Exercise objective.
Your answer must be the full listing below, restated word for word, with no pictures in it.

Supplied data.

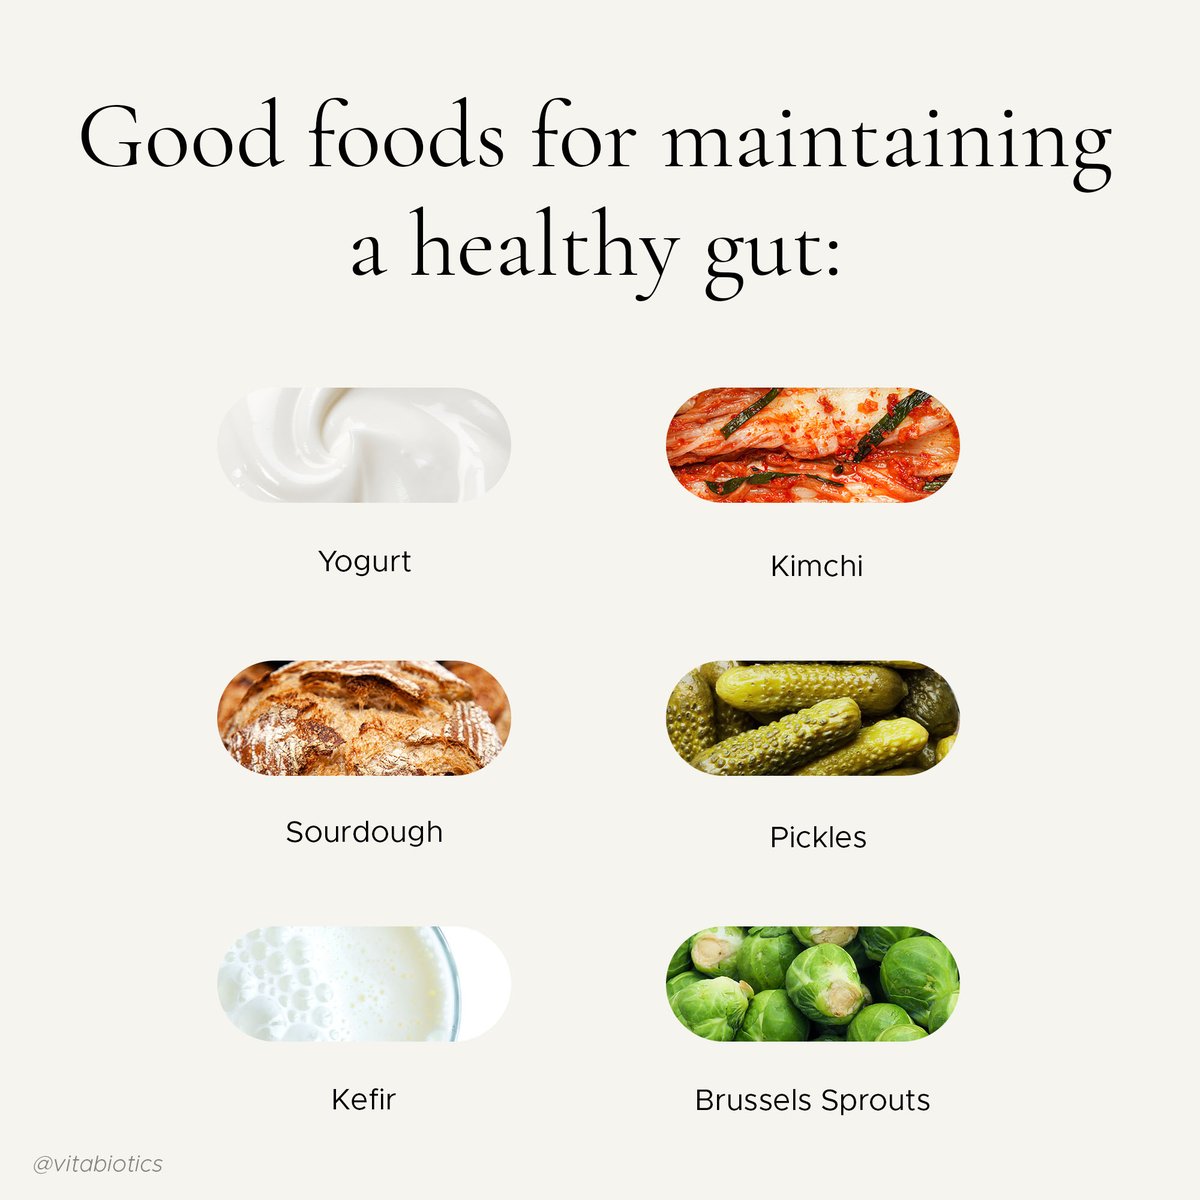 Maintaining a healthy gut is key to overall wellbeing, and these incredible foods are here to lend a helping hand!⁣
⁣
Let's raise a fork (or spoon!) to these amazing foods that promote good digestion and support our overall health.

#HealthyEating #HealthyLiving #Nutrition

Exercise answer.
 Maintaining a healthy gut is key to overall wellbeing, and these incredible foods are here to lend a helping hand!⁣
⁣
Let's raise a fork (or spoon!) to these amazing foods that promote good digestion and support our overall health.

#HealthyEating #HealthyLiving #Nutrition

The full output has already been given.